Big data is future for better food safety

By Rick Pendrous

- Last updated on GMT

Mining and sharing big data could flag up emerging food safety problems
Mining and sharing big data could flag up emerging food safety problems

Related tags Food standards agency

Food giant Nestlé has suggested that the huge amount of data collected by companies such as itself and regulatory authorities like the Food Standards Agency (FSA) should be shared so that it can be ‘mined’ for information about emerging food safety problems.

Nestlé is already collecting such ‘big data’ from its businesses around the world and has plans to analyse this more effectively to enable it to identify emerging threats and business opportunities.

John O’Brien, head of food safety and quality at Nestlé’s Research Centre, speaking at the Institute of Food Science & Technology’s spring conference titled ‘Food safety in the court of public opinion’ held in London last Friday (April 23), remarked on the “huge opportunities” ​presented by interrogating so-called ‘big data’ (the huge amounts of electronic data collected by companies).

Nestlé has past experience of handling huge IT projects, having implemented its ‘Project Globe’ to implement business best practices based on installing the SAP enterprise resource planning system as the standard platform in its businesses around the world several years ago, which O’Brien described as “the largest IT project in the world”​.

‘Nestlé 100M analytical tests per year’

“We generate in Nestlé 100M analytical tests per year, this is just an example,”​ said O’Brien.

“The data today are not mined as sufficiently as it could and I think there is going to be an increasing opportunity to use big data analysis where you have your primary data, which could be analytical, and map that with metadata​ [information about that data] which could give you GIS-type information ​[geographical information system data], for example, or factory information. That’s when it gets interesting.

“Equally, the data that will be generated using technologies like whole genome sequencing and other analytical technology will have to be managed in some way.” ​O’Brien suggested the challenge would be what information companies like Nestlé extract from it.

He also argued for access to be provided to such big data by relevant stakeholders to enable the sharing of important information, specifically on food safety.
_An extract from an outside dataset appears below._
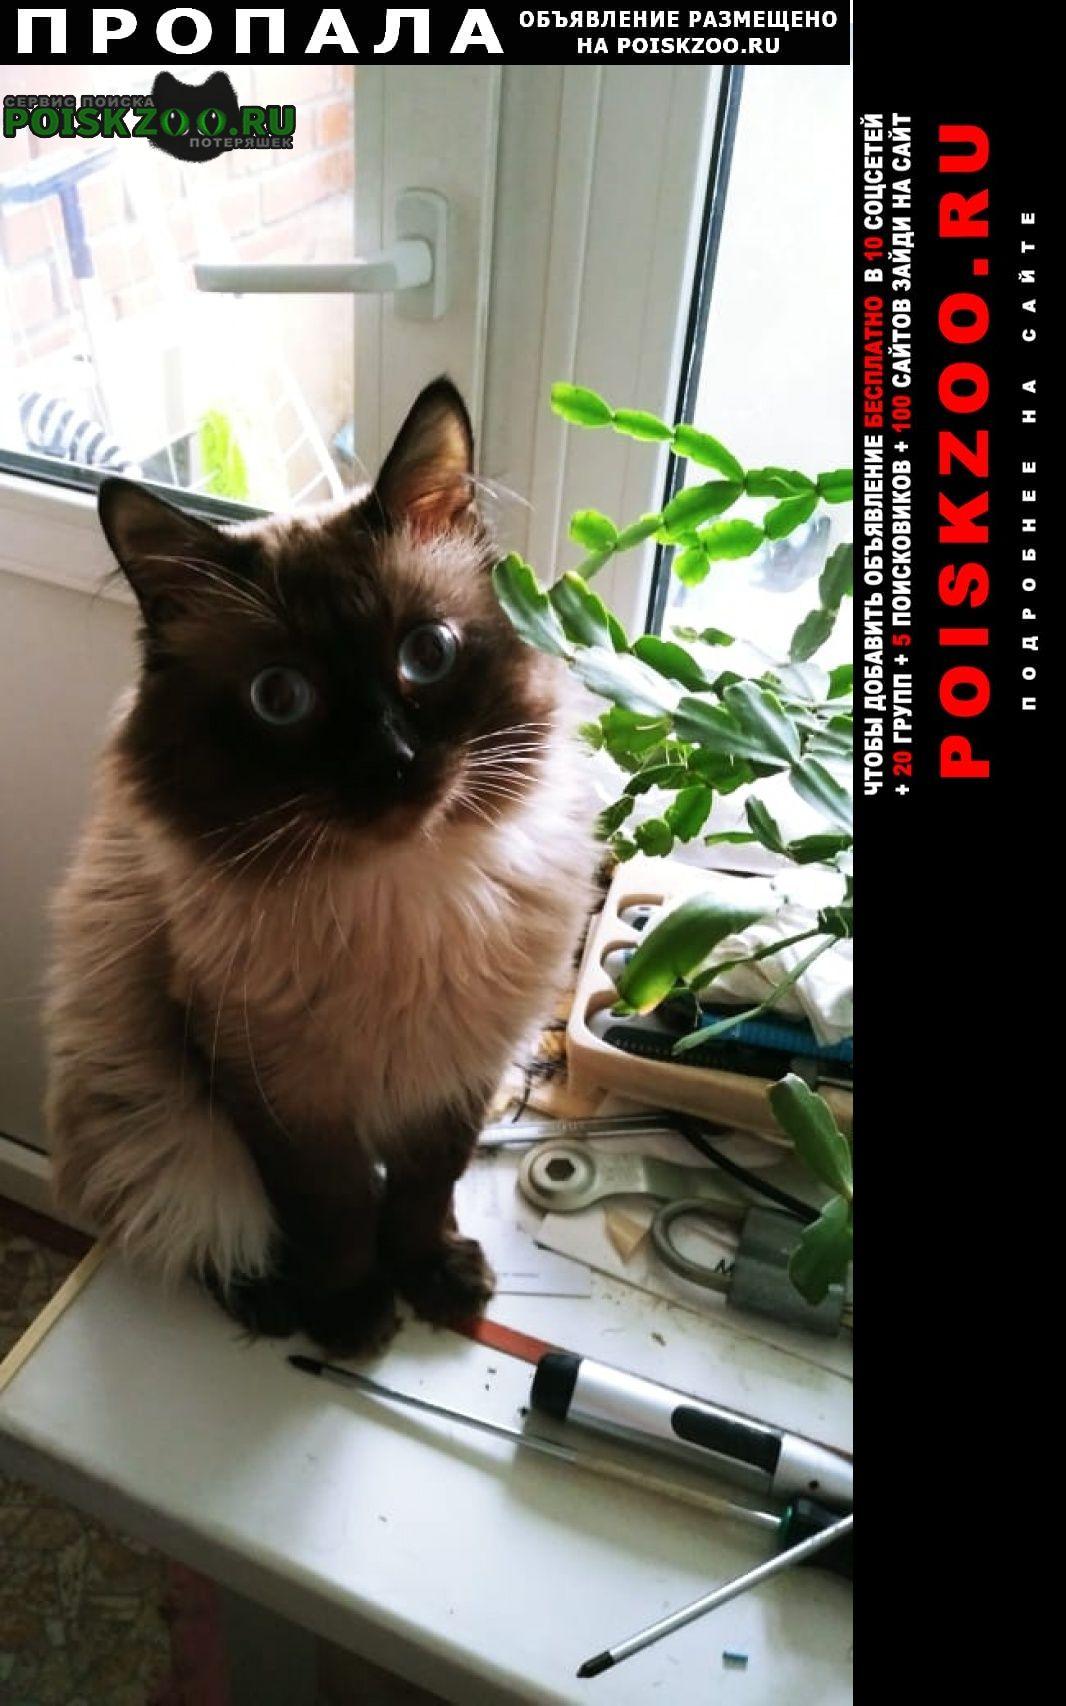 Йошкар-Ола Пропала кошка любимый кот
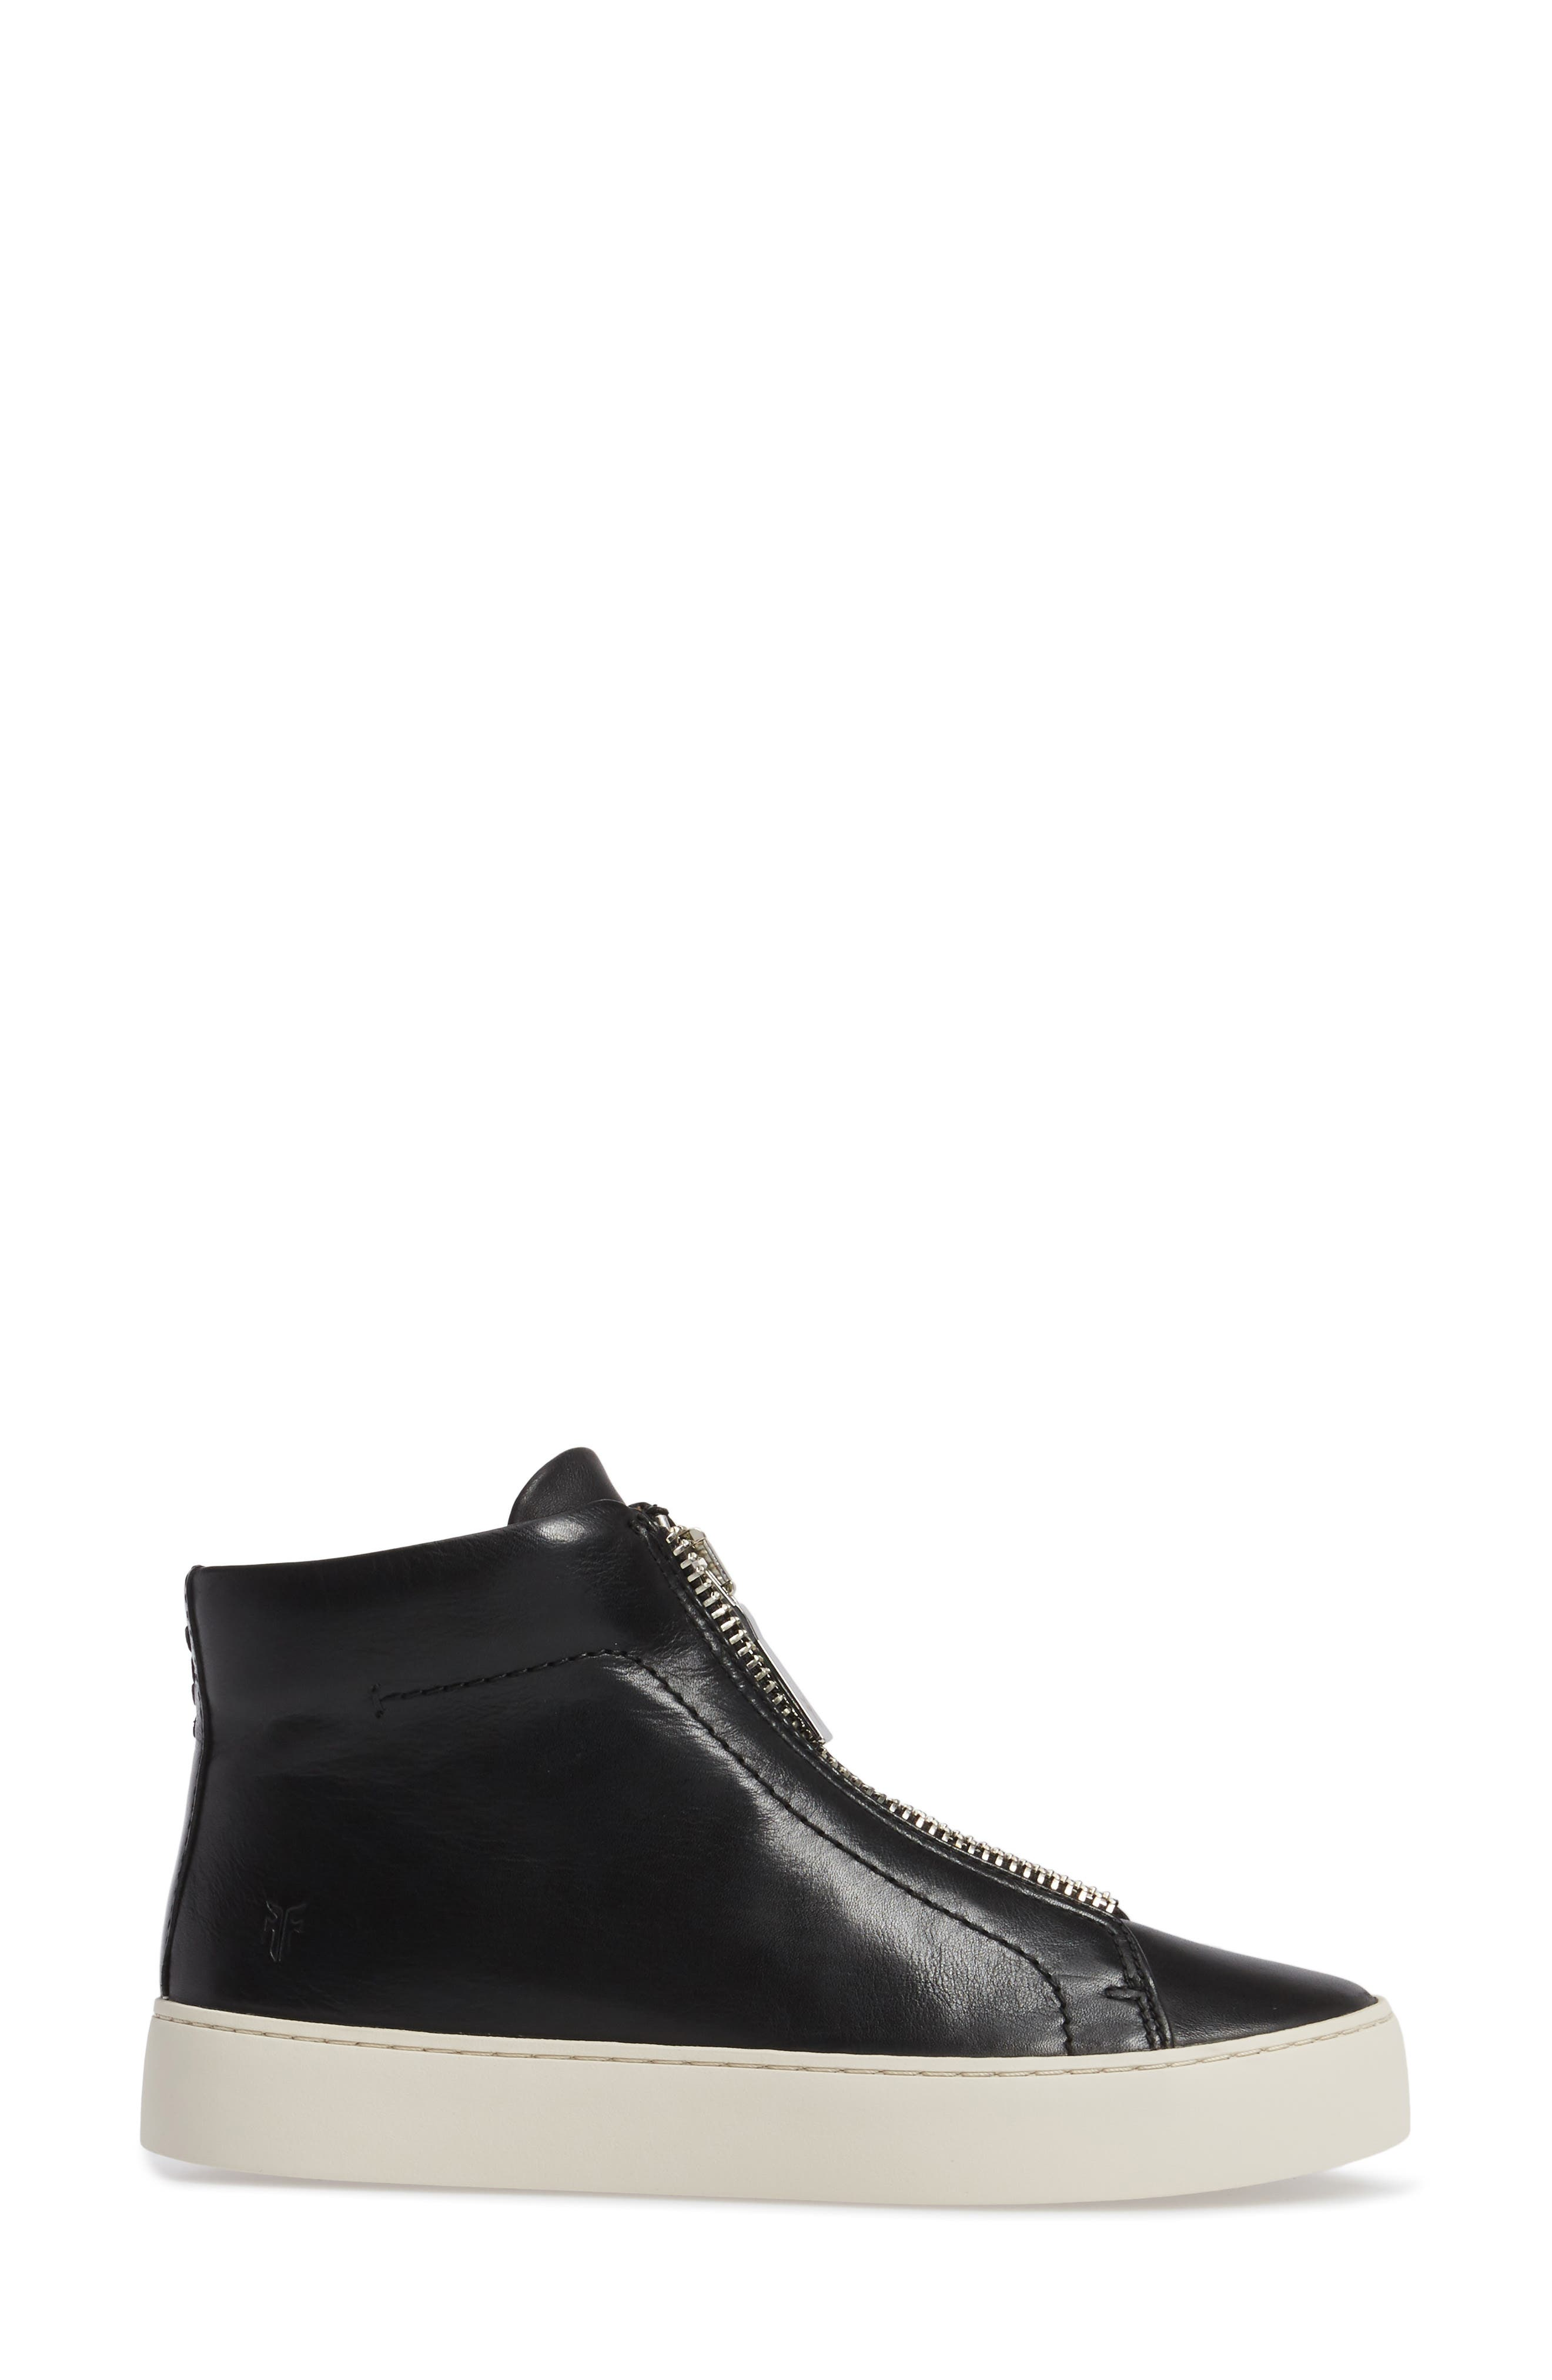 Lena Zip High Top Sneaker,                             Alternate thumbnail 3, color,                             BLACK LEATHER

“We need to start to explore repositories of data which we access to, both from a public point of view and from an industrial point of view,”​ said O’Brien.

“We’ve started that discussion. We’re keen on it; everyone will benefit if the data are managed in the right way, there are huge opportunities to be gained. We can discover information that today cannot be seen.”

Big data fellow at Turing Institute

O’Brien’s comments were warmly welcomed by the FSA’s chief scientific adviser Guy Poppy.

“This is music to my ears,” said Poppy. “I have been in the FSA seven months and I’ve had a personal mission to drive the big data agenda. And we’re on the verge of announcing a big data fellow based at the Turing Institute ​[the data sciences organisation named after World War II code breaker Alan Turing] in London using big data approaches looking at public health issues to do with food​.”

Poppy added: ​[Big data] is the future. It addresses the issues of corporate moral responsibility as well as corporate business. It enables people to trust what is going; bring confidence and that type of thing. It really is very significant. With lots of data captured in potentially different ways, it is elucidating big signal from​ [background] noise.”

Poppy also referred to a “big piece of work”​ that had been done by the FSA on Twitter feeds that the Department of Health was planning to take forward. ​[With] our work on Twitter feeds and norovirus, we have been able to pick up norovirus outbreaks four weeks before Public Health England and epidemiological aspects have.”

Poppy invited others interested in sharing big data to contact him.

The British Retail Consortium’s (BRC’s) technical director David Brackston responded that his organisation was prepared to share non-commercially confidential data it held derived globally from food hygiene audits against its BRC Global scheme.